El tratamiento está enfocado en aliviar los síntomas, controlar las complicaciones y evitar secuelas a largo plazo. Se debe ofrecer líquidos y alimentos a los pacientes para mantener un estado de nutrición adecuado. Por otro lado, la Agencia Europea de Medicamentos (EMA) autorizó el uso para la viruela símica de un antivírico denominado Tecovirimat que se había desarrollado para la viruela, pero todavía no está ampliamente disponible.
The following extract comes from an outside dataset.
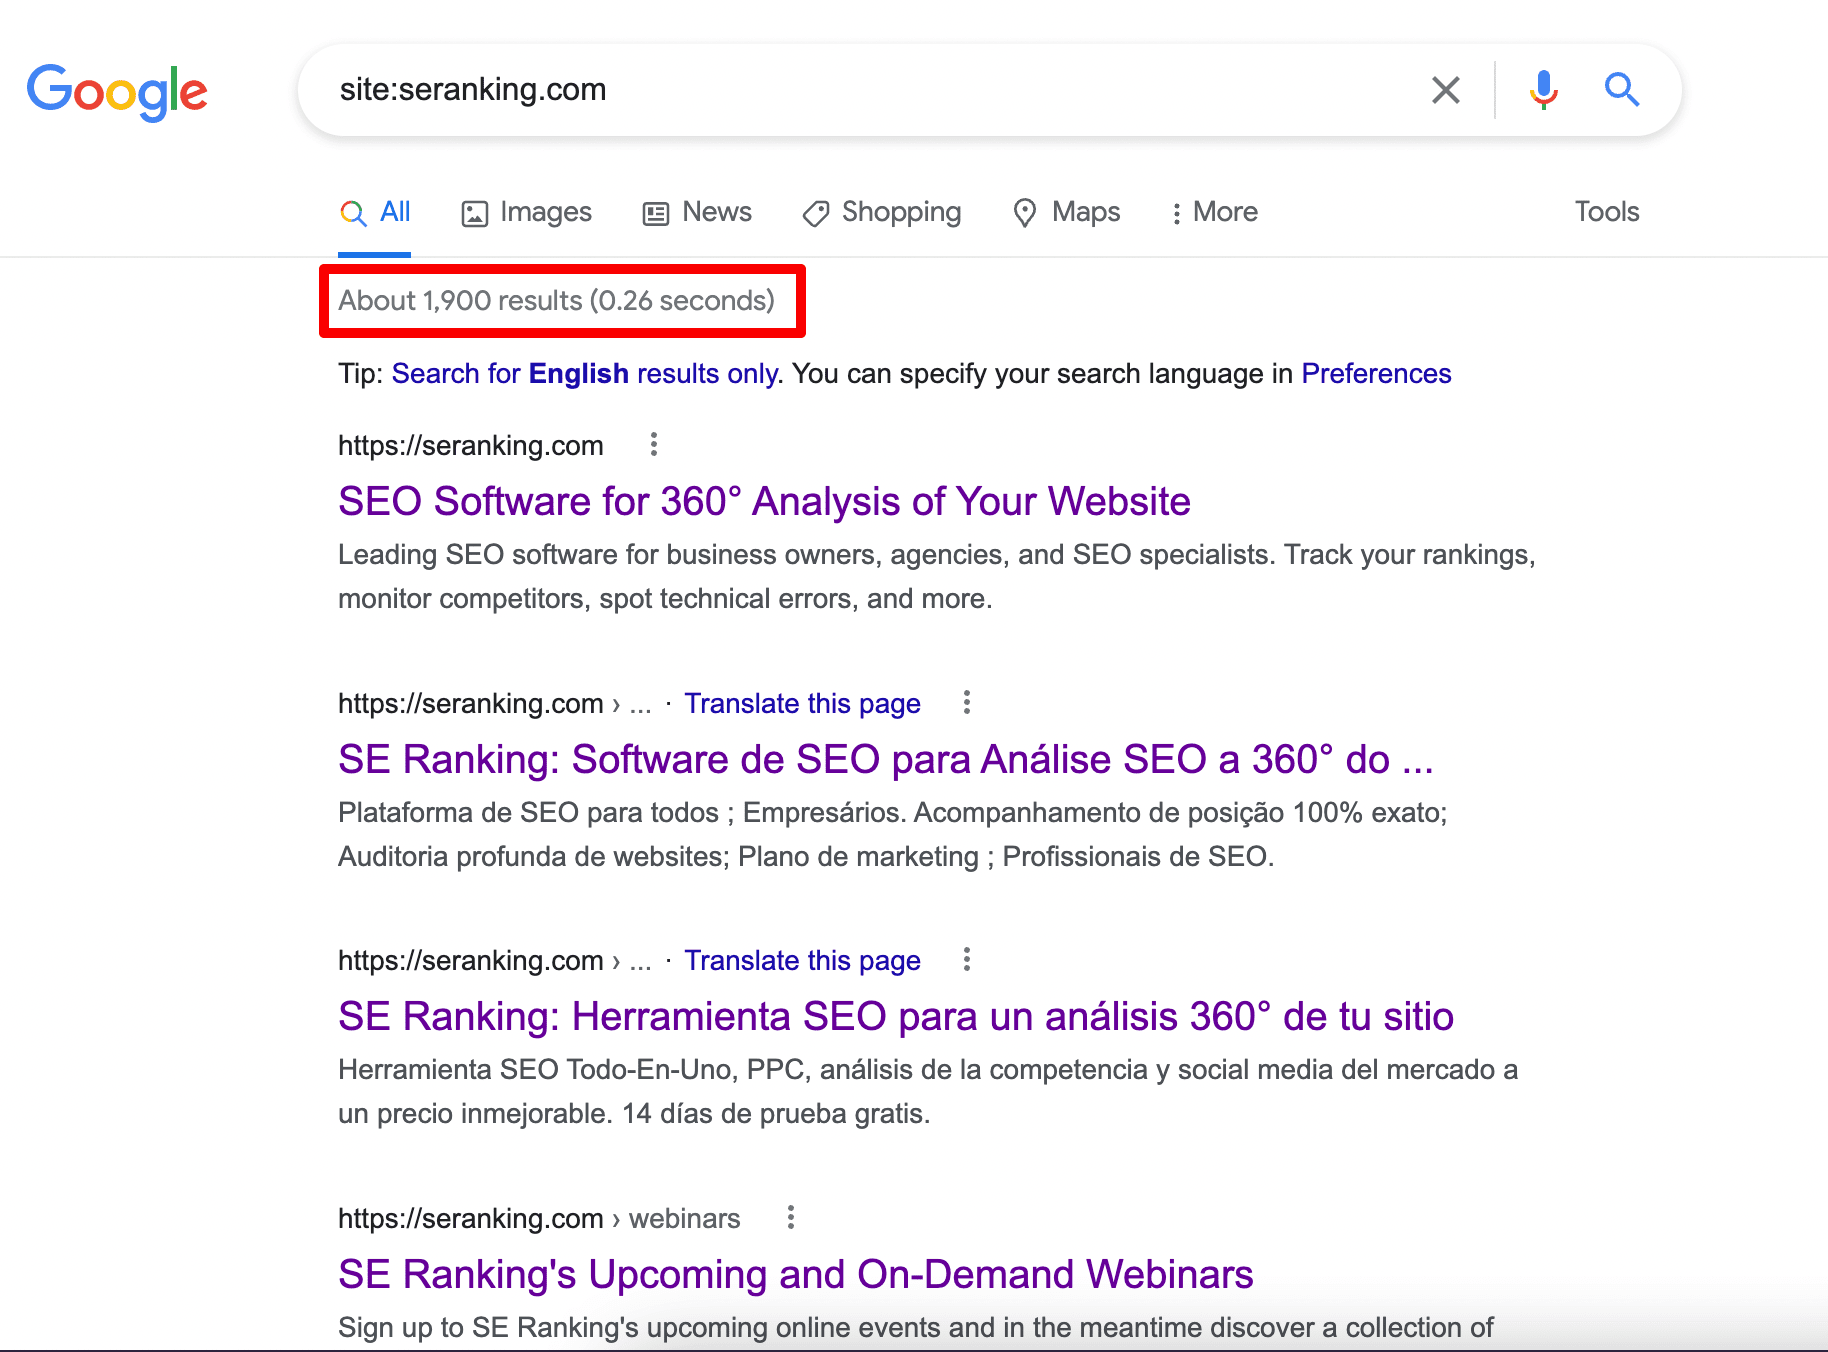 Google’s search operator site:

La OMS está especialmente preocupada por los riesgos de este virus para los grupos vulnerables, “incluidos los niños y las mujeres embarazadas”. Este escenario puede evitarse, señaló el Dr. Ghebreyesus. “Pedimos a los países afectados que hagan un esfuerzo por identificar todos los casos y contactos para controlar este brote”. Entre las estrategias que se consideran para frenar la propagación de la enfermedad está la vacunación posterior a la exposición, idealmente dentro de los cuatro días siguientes a la misma, para los contactos cercanos de mayor riesgo, como las parejas sexuales, los miembros de la familia que viven en el mismo hogar de personas infectadas y los trabajadores sanitarios.
“Tenemos distintas generaciones de vacunas y la cantidad de cada una varía. También estamos viendo si han sido probadas, ya que se necesita verificar regularmente su potencia”, explicó la directora de Epidemias y Pandemias de la OMS, Dra. Sylvie Briand. “Las dosis de vacunas contra la viruela son suficientes para las necesidades actuales, pero anticipamos que necesitaremos más si esto continúa propagándose”, añadió, insistiendo en la importancia de “prevenir la amplificación de casos” y que se usen las herramientas disponibles, reduciendo los contactos estrechos para que no haya más.